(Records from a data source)
= = = = = = =

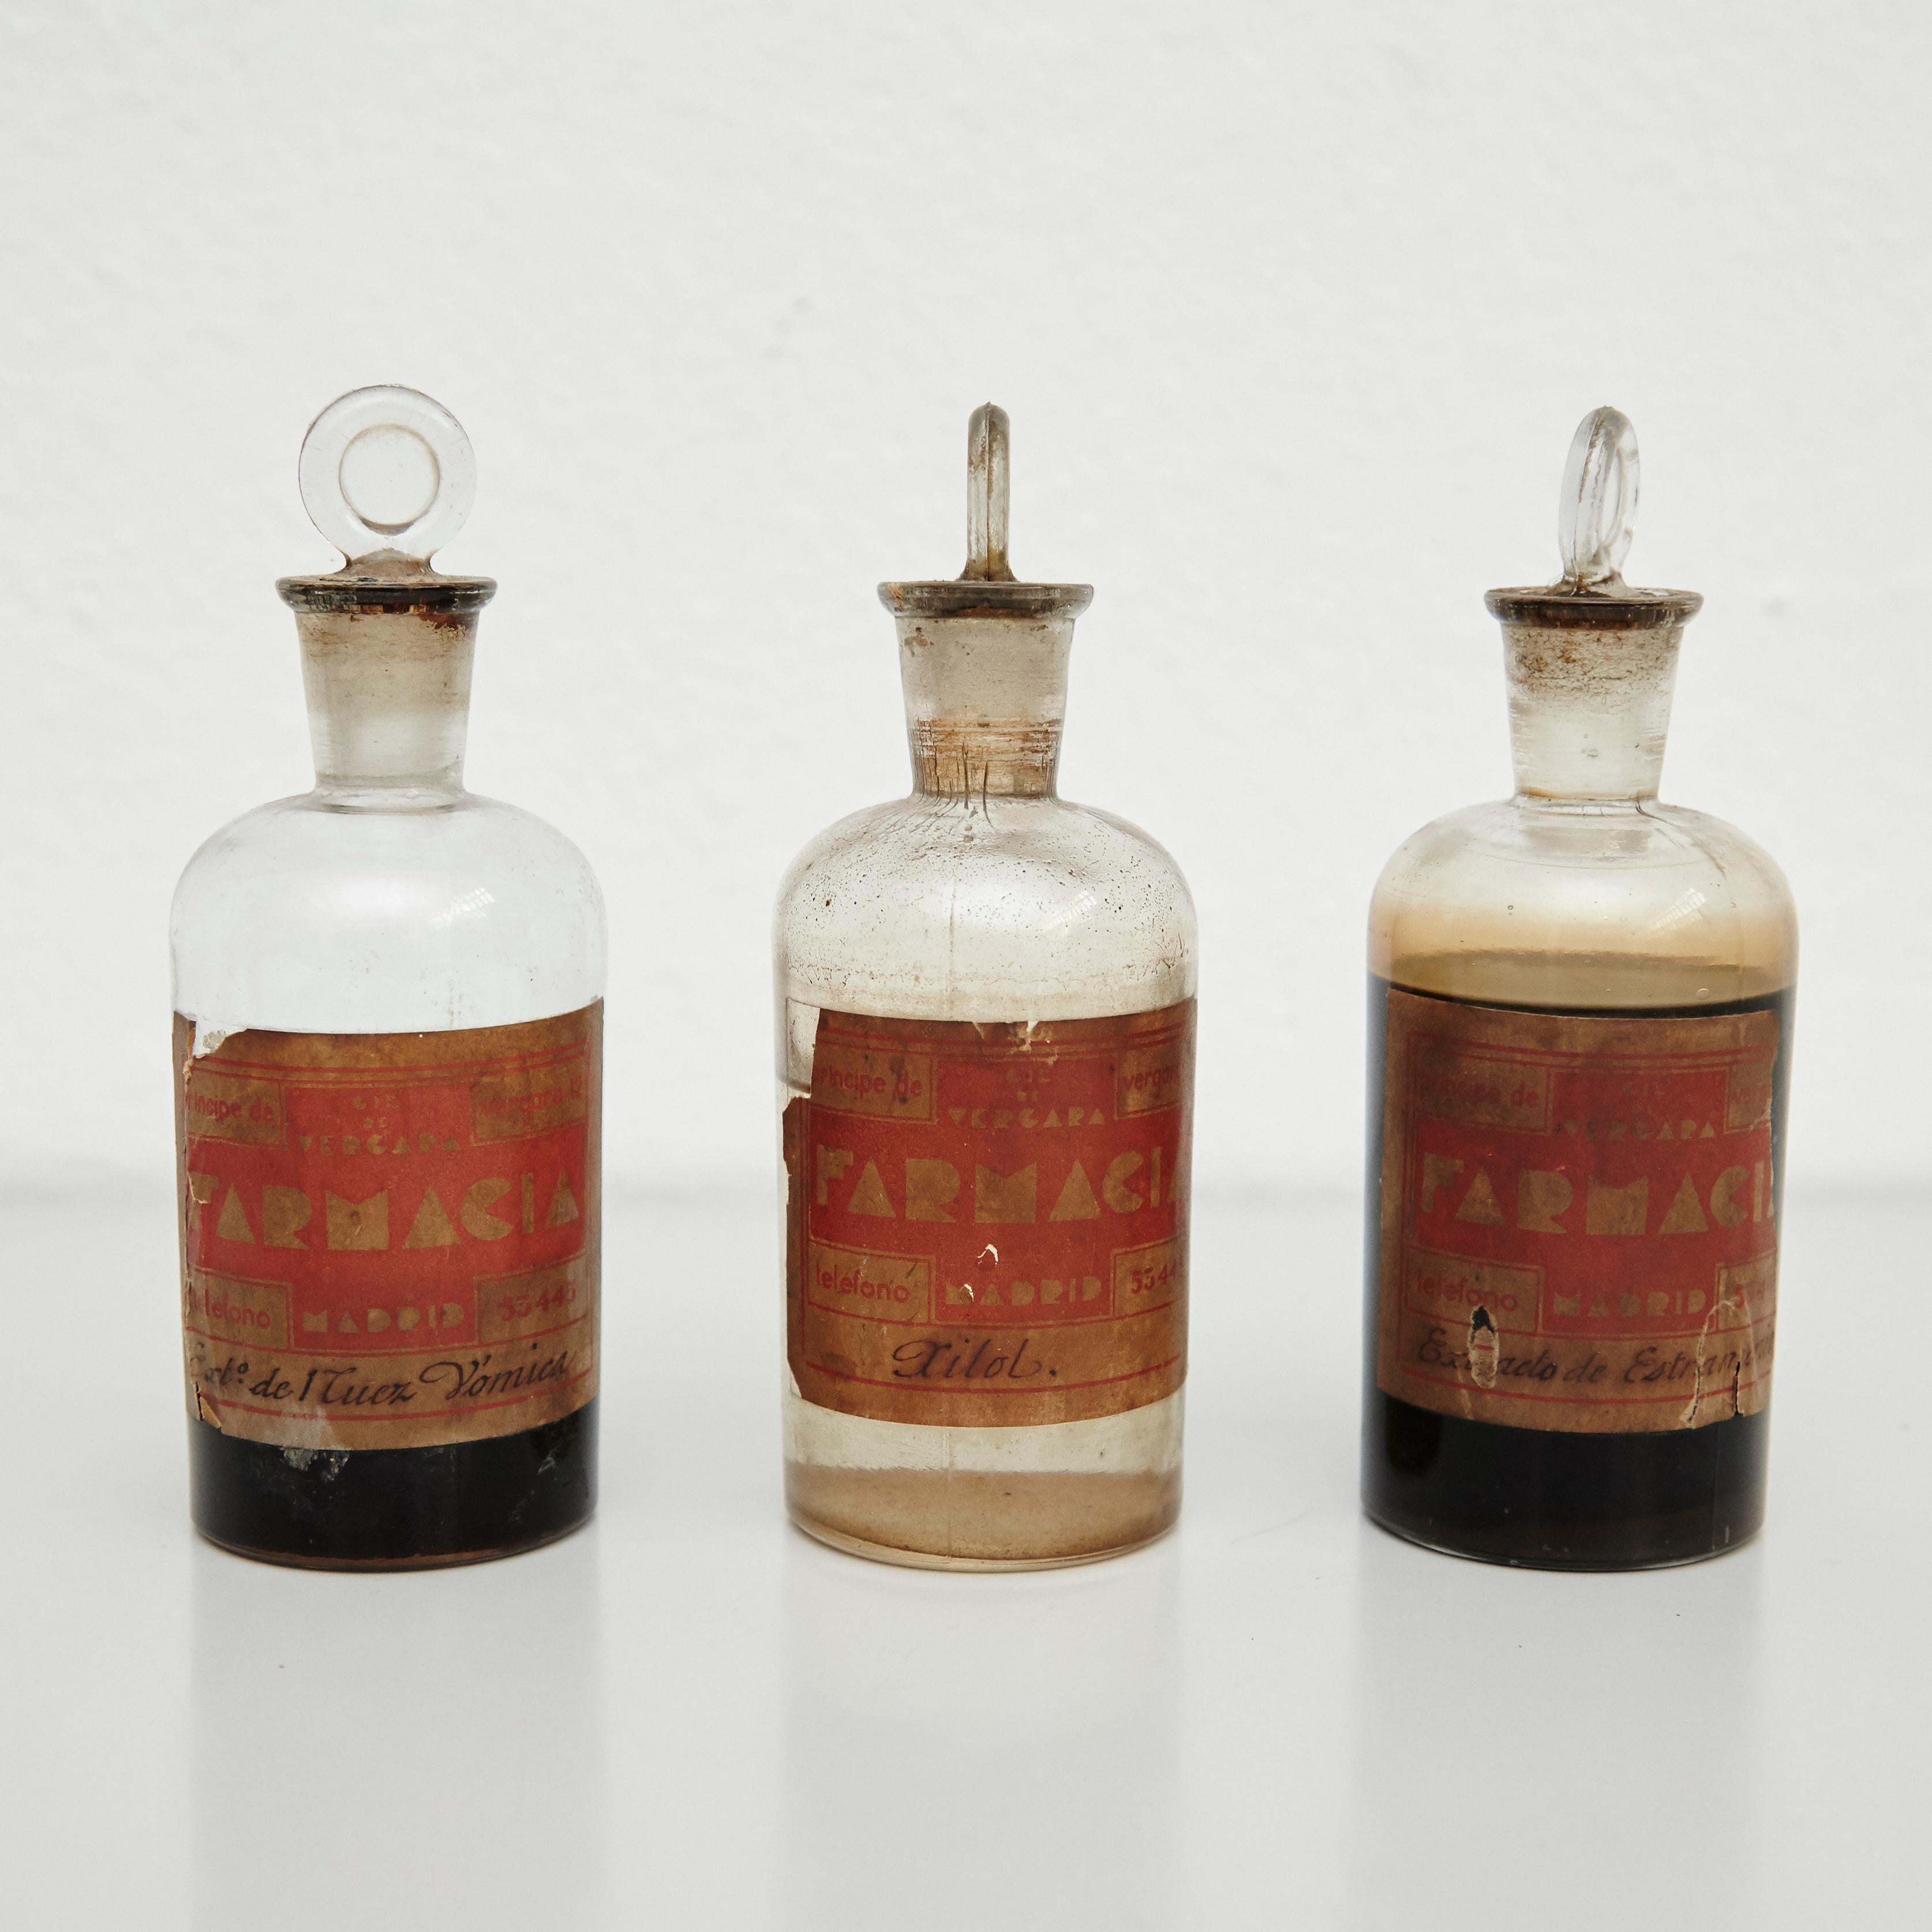 Early 20th century set of three antique apothecary glass bottles.
By unknown manufacturer, Spain.

In original condition, with minor wear consistent with age and use, preserving a beautiful patina.

Materials:
Glass

Dimensions (each

= = = = = = =

**WORK REQUIRED**. Each line from the one containing "In original condition, with" to the last line above must be returned exactly, and no line outside that range.

**ANSWER BELOW**.
In original condition, with minor wear consistent with age and use, preserving a beautiful patina.

Materials:
Glass

Dimensions (each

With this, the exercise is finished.